I don't count something an injury unless it requires a hospital stay of more than a full day off from work. I've been doing tree work for over thirty years but I've lost track of the total in my career.

Tom


----------



## Guy Meilleur (May 18, 2003)

Like Tom I'm in the over-30 yr, forgot em all category but I had to check "over 10". Some of the low points:

2 dislocated shoulders from separate swings into trunk; didn't learn about scarestrap use the first time.

7 stitches on scalp from falling polesaw, now wear hat.

Broken arm falling off ladder when shortening pear tree.

Fractured skull smashed wrists etc. from 35' fall onto driveway when split ash came apart in storm. Was tied into wrong half of it.

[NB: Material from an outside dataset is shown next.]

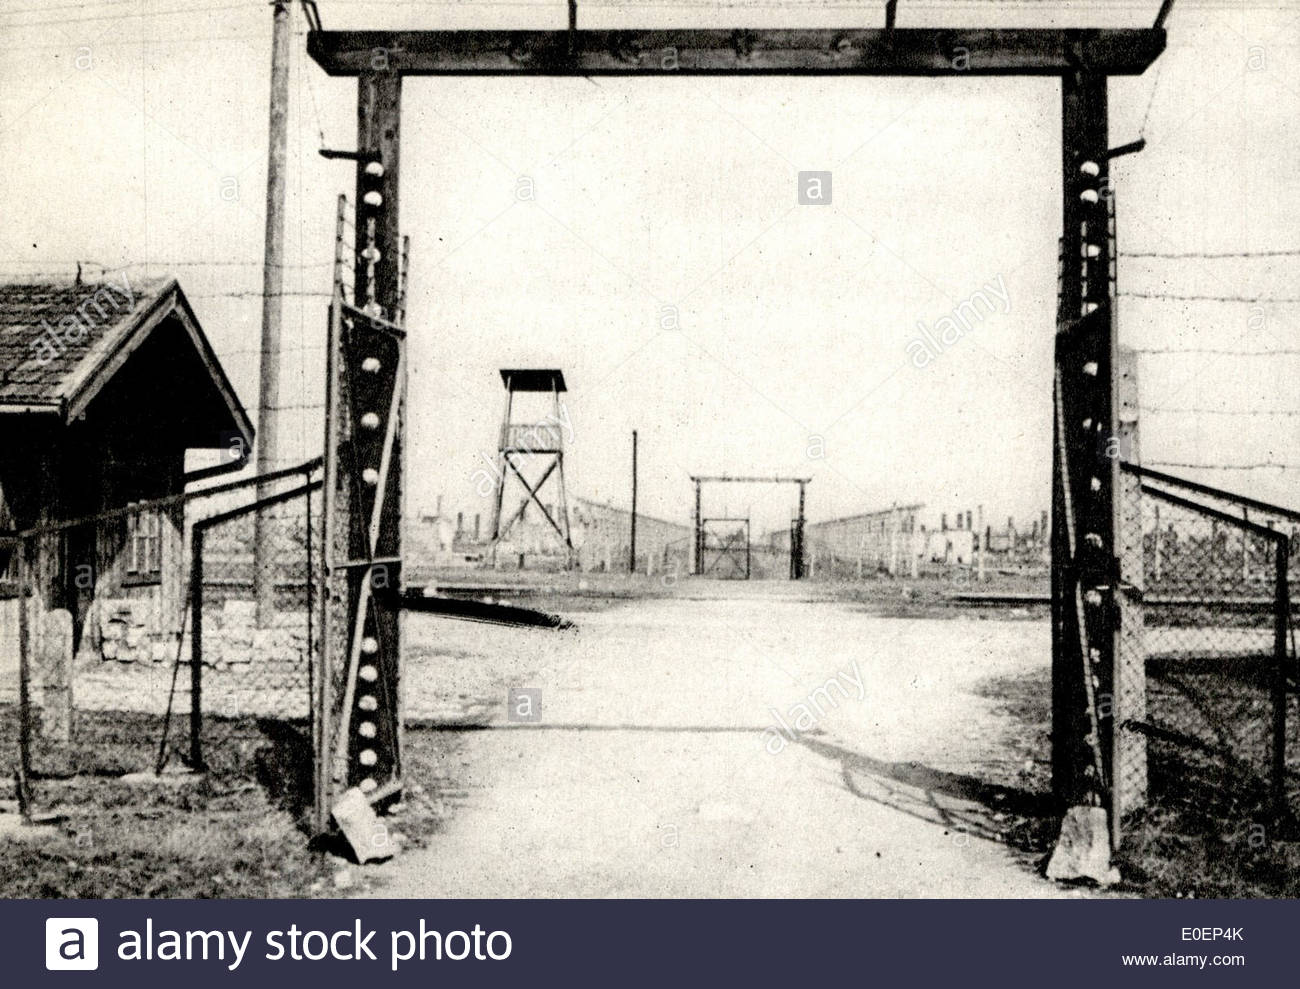 Auschwitz concentration camp (German: Konzentrationslager Auschwitz) - old photograph - Stock Image
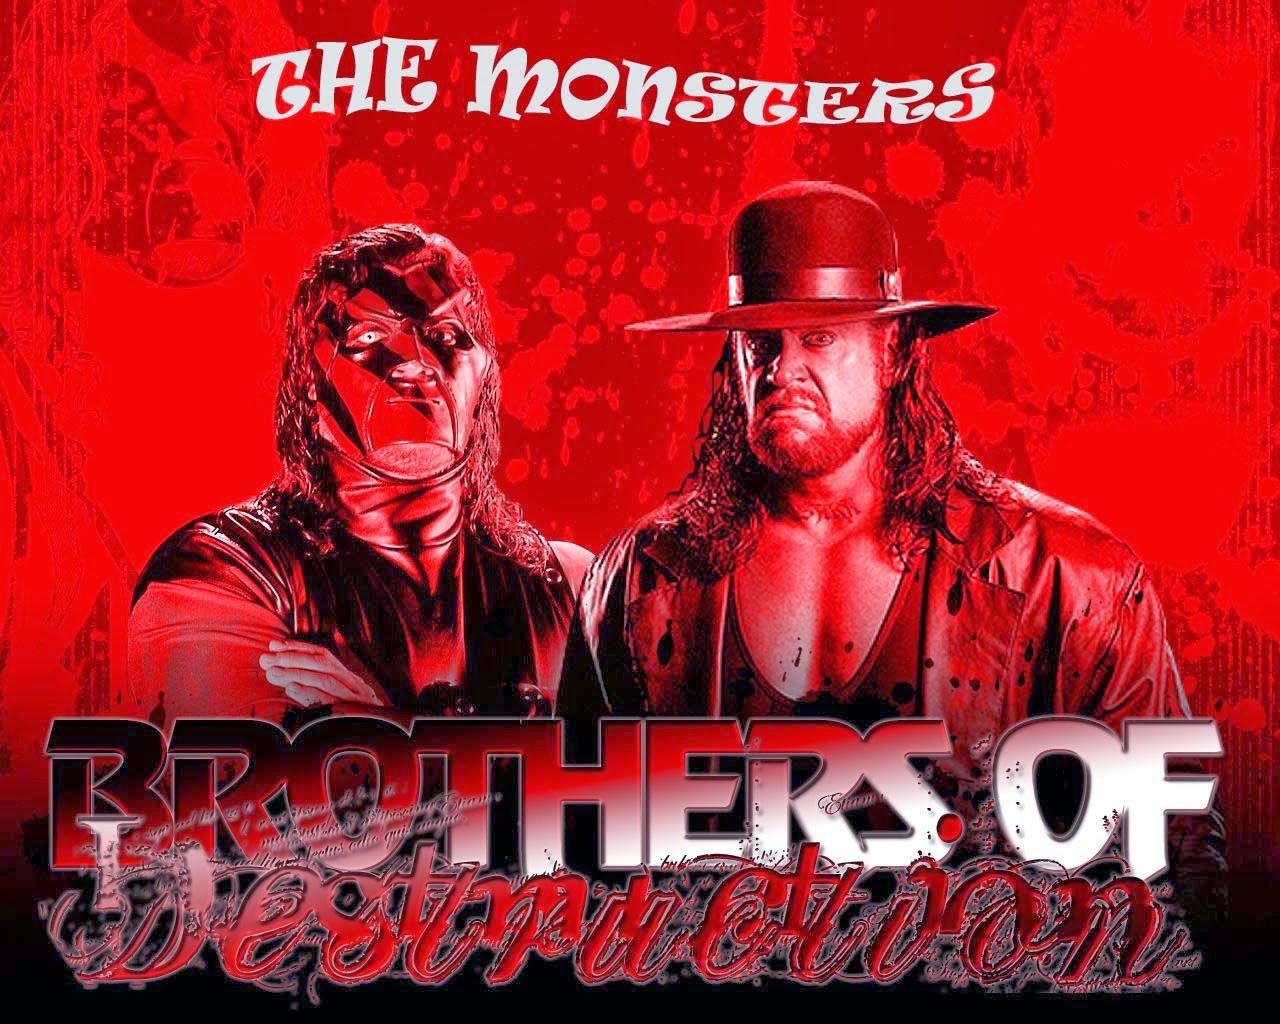 Kane Wwe Latest Hd Wallpaper 2013 14: WWE Kane Masked HD Wallpapers

Lime disease from tick bites twice; months down each time, hairy-cell leukemia was a result; 3 other hcl ( a very rare form of blood cancer) patients had Lime disease too so that's my theory.

Busted ribs and ruptured spleen from being whacked by trunk under tension and cut loose most stupidly. Helper didn't show so worked alone, got impatient. BP was 50 when I got to hospital, 3 weeks in intensive care. 

This last was in 2001 but now since blood is fairly healthy and I'm older and wiser I don't think I'll be that stupid anymore, hahahaha. I plan on climbing another 37 years and not adding to this list, enough already.


----------



## John Paul Sanborn (May 19, 2003)

So Guy, what was that one Perry Crawford was telling me about back in your days of more hair, and I was still a pup playing with popguns and pogo-ponies?


----------



## rahtreelimbs (May 19, 2003)

It seems that the climbers that I know get cut more with a hand saw than with a chainsaw. Handsaws will getcha good!!!


----------



## Guy Meilleur (May 19, 2003)

That would be the swan dive onto the driveway. Happened at an old sausage-maker's mansion on Lake Drive, turned convent. A nun from there visited me in the hospital and saw an xray of my navicular bone, the biggest wristbone, broken cleanly in quarters and appearing as the sign of the cross to her eyes.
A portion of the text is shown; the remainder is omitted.